Muslims share their Ramadan tradition with Fast-A-Thon

  • Fast-a-thon invites non-Muslims to fast for one day during Ramadan
  • The events often also fundraise for charitable causes
  • Some people modify their fast to make it easier to participate

Students at the University of Alabama Birmingham celebrating their Fast-a-Thon. Photo courtesy of Einas Ali.

(NewsNation) — University of Alabama at Birmingham student Raimi Liebel grew up in a community without a lot of Muslims. But when she saw an Instagram post about Ramadan — the month of the year when Muslims abstain from food and water from sun up to sun down — it piqued her curiosity.

She learned the local Muslim Students Association (MSA) chapter was hosting what’s called a “Fast-A-Thon,” where non-Muslim students are invited to fast for one day and then join the Muslim community for a group meal when the sun sets. She decided to take part and see what life for Muslims is like.

“It was really wonderful. And during the day, it gives you some space that you normally don’t have. You eat about three meals throughout your day. It brought a little bit of peace and mindfulness, which I wasn’t expecting,” she said.

It was one of many Fast-A-Thons that took place across the U.S. over the past month. These events most commonly take place at schools, but some private businesses, like law firms, have gotten involved more recently. The goal is to build bonds between Muslims and non-Muslims, helping demystify the religion of Islam.

Liebel enjoyed the community aspect of the evening meal, called iftar.
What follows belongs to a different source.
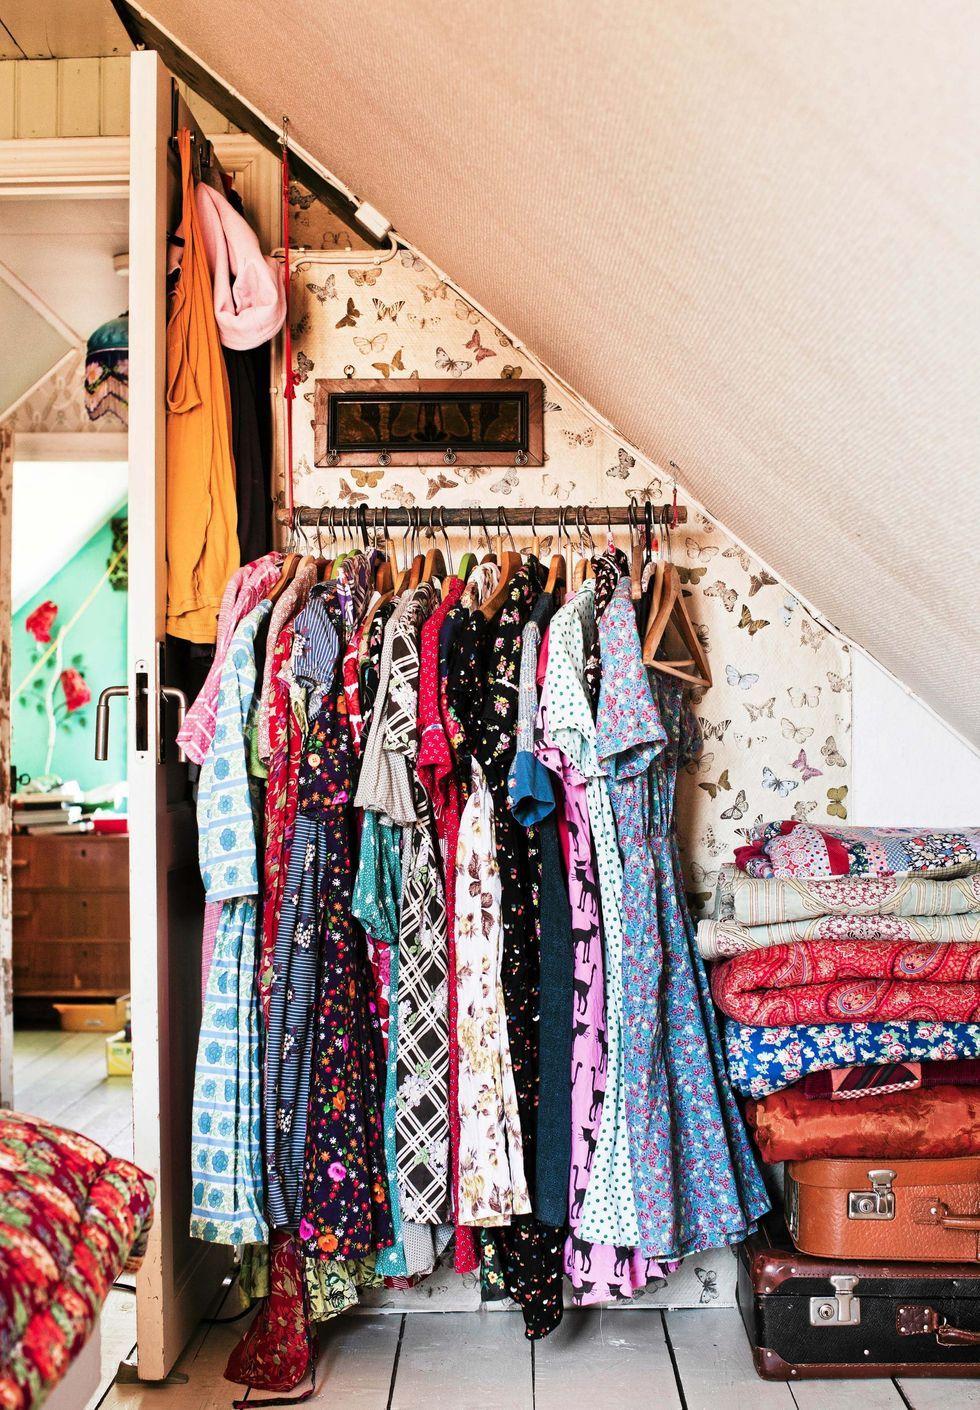 Vintage Swedish Christmas home Follow Gravity Home: Blog - Instagram ...

Over 200 students attended this year.

“It was a lot of fun to share that moment of breaking a fast together…the fact that we got to eat in community was very rewarding,” Liebel said.

Students at the University of Alabama Birmingham gathering for their evening iftar. Photo courtesy of Einas Ali.

Fast-A-Thons also frequently serve the purpose of raising aid for a charitable cause. At the University of Alabama Birmingham, the MSA collected money and goods for earthquake victims in Turkey and Syria.

Einas Ali, vice president at the school’s MSA, said non-Muslims she spoke to described being thirsty but not hungry at the end of the day.

“It’s the same thing that all of us Muslims experience,” she said of the commonalities.

While some people may be intimidated by the prospect of completely abstaining from food and water during daylight hours, some non-Muslims who take part in Fast-A-Thons do a pared-back version of fasting so that they can still participate.

Jackson Brandt, a non-Muslim student at the University of Arkansas, decided to take part in a Fast-A-Thon in that school, abstaining from food but not water. The iftar he attended at the end of the day included a mix of Mediterranean and Indian food for attendees to feast on, as well as an educational lecture about Islam.

“I liked how… open-minded but also very basic the information taught at these gatherings were. It was very digestible to somebody who maybe isn’t a Muslim…It made it easier to see the parallels between Islam and Christianity and Judaism,” Brandt said.

At the University of Pittsburgh, the MSA’s Fast-A-Thon raised more than $4,000 for the charitable organization Islamic Relief in an event they put together with nearby Chatham University and Carnegie Mellon University. Islamic Relief supports global anti-poverty programs, including disaster relief, food aid and microfinancing.

Pittsburgh MSA president Zeyad Amr estimated close to 300 students participated; turnout was so above expectations that they had to call the caterer and double the order of food. Demonstrating the intended inclusive nature of these events, they made sure to offer a wide selection of food, including vegan options.

Amr explained how the event helps Muslims, too, get out of their bubble.

“It’s easy to just have your own beliefs, practices, and just kind of stay in your own world. Stay surrounded by people who understand you or whatever,” he said.

He said Muslims are often frustrated at ignorance about Islam, but Fast-A-Thon offers an opportunity to change the narrative.

“I think we have to look inwardly and say, ‘Did we do our part to even educate these people about why we do these things;?” he said.

Ramadan will be coming to a close this week as Muslims around the country celebrate Eid after the last day of fasting on Thursday.